In the former, history plays no apparent part - the whole world is the personal world of its narrator, Cassandra. In the latter, history unfolds as a shaping background, we see the startling, shattering events of 9/11, observing some of their consequences even as the focus remains squarely on the personal dilemmas of Nazneen in relation to her family and her place.
The film of 'I Capture the Castle', enjoyable as it is in its own right, coarsens the book in two ways. The first is that it makes the characters, with the exception of Cassandra herself, less likeable. Events, happenings and sayings are invented to support this, often directly against the flow of the book's unfolding narrative. In the book even the predatory photographer, Leda, comes to be begrudgingly accepted into the space of Cassandra's regard.

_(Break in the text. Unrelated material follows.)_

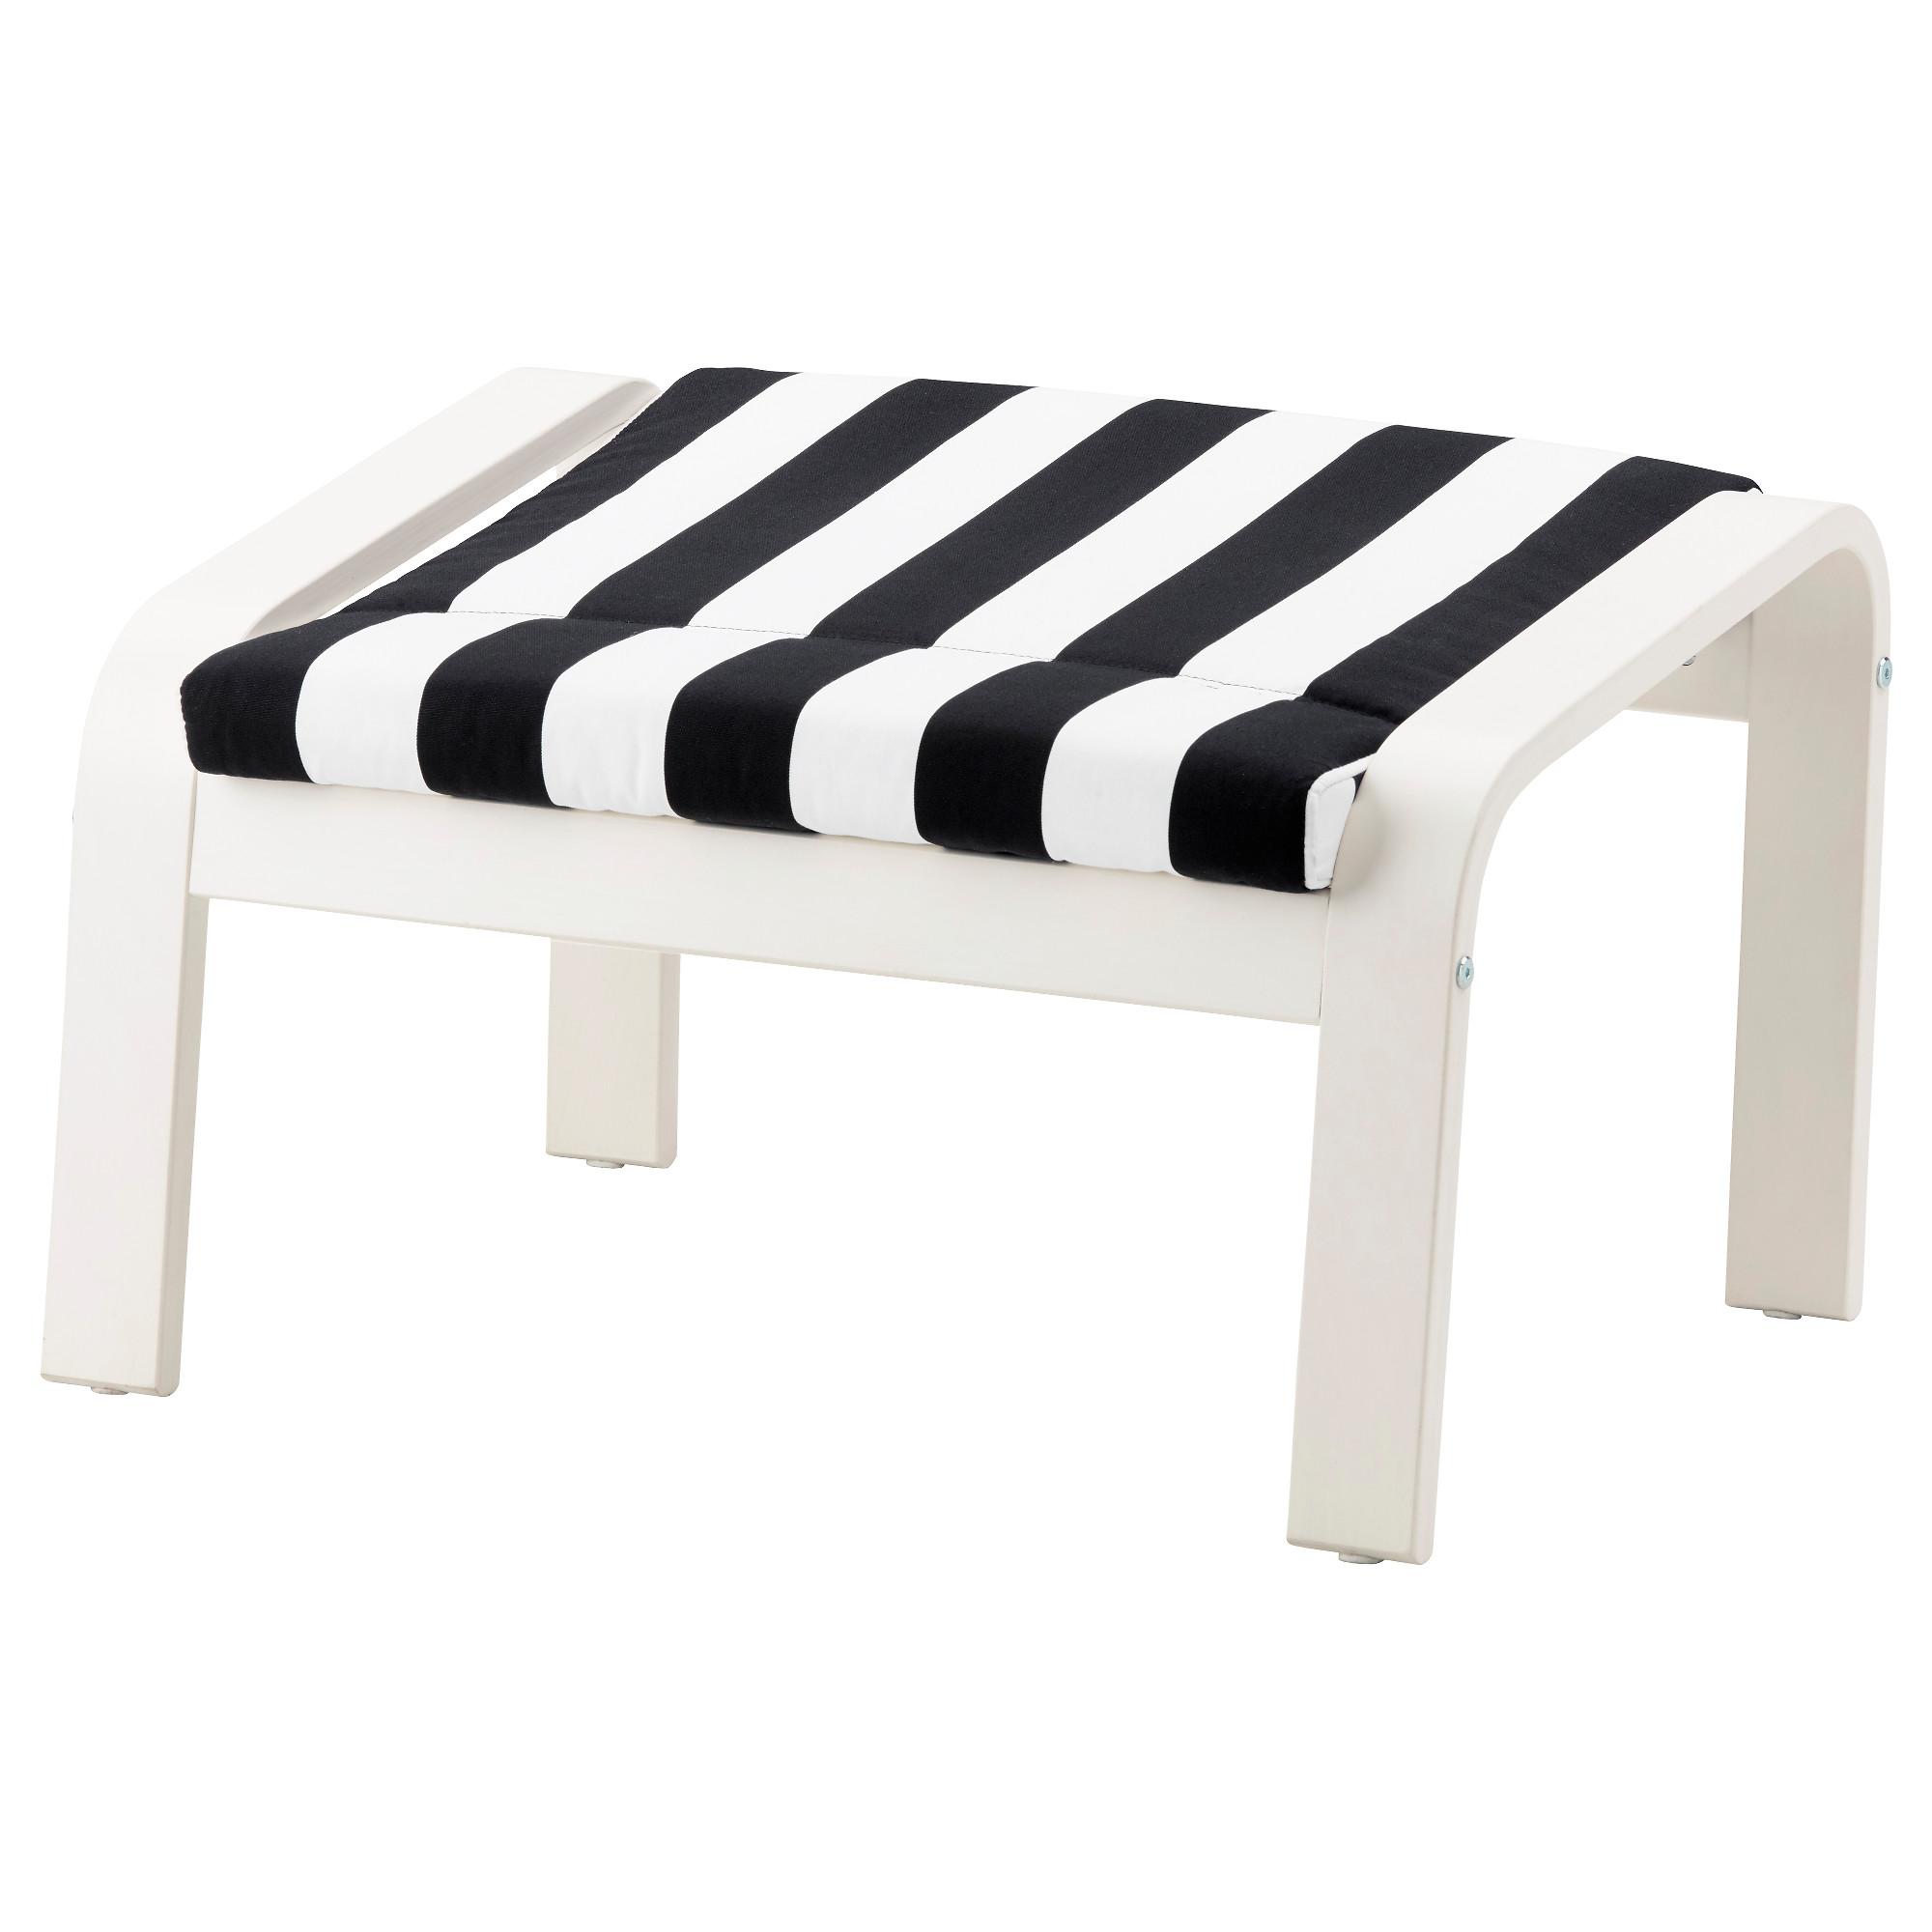 Табурет для ног ПОЭНГ черный/белый артикуль № 692.515.62 в наличии. Онлайн сайт IKEA Беларусь. Недорогая доставка и монтаж.

Second, and more importantly perhaps, the film cannot resist 'explaining things'. In the book, things happen, erupt, bump along in the mysteriousness of their humanity. Being 17, Cassandra cannot be expected to understand everything. Can we at 70? Stuff happens and the miracle of life, suggests Dodie Smith, the book's author, is that we navigate it in all its complexity, finding joy, suffering pain, coping. The film obtrudes a 'knowing narrative' that tries to create connecting linkages: everything must be neatly packaged for the audience, closing down, rather opening up, their own imaginative resources.
Nazneen's awakening is to discover that, to her surprise, she loves her husband (arranged, older, pompous, full of crushed hope and the trail of false prospects yet fundamentally kind) Yet she cannot return with him to Bangladesh when he finds all meaningful paths closed to him in England. She cannot return for her daughters' sake, nor hers. She has rejected the excitement of the younger man, of divorce and re-marriage after their adultery together (and his radicalisation after 9/11) and has realised that her younger sister, left behind in Bangladesh, has trodden a much more difficult path than her own disappointed romantic hopes had projected onto her, greatly more difficult, in fact, than her own. She turns, the film suggests, to her own resources and possibilities and to the fragmented but real life she has been given.
Both are, at heart, about more than coping with the heart's affections, of finding through 'disillusionment' more hopeful prospects - one at the outset of adulthood, one at the midpoint. Both books were written at a time of crisis - Smith's in the Second World War, Ali's in the birth of the war on terrorism - but both affirm the reality of domestic space in very different settings and the resources of that space to give life if it is lived clearly, without illusion and with small, but tender, hopes.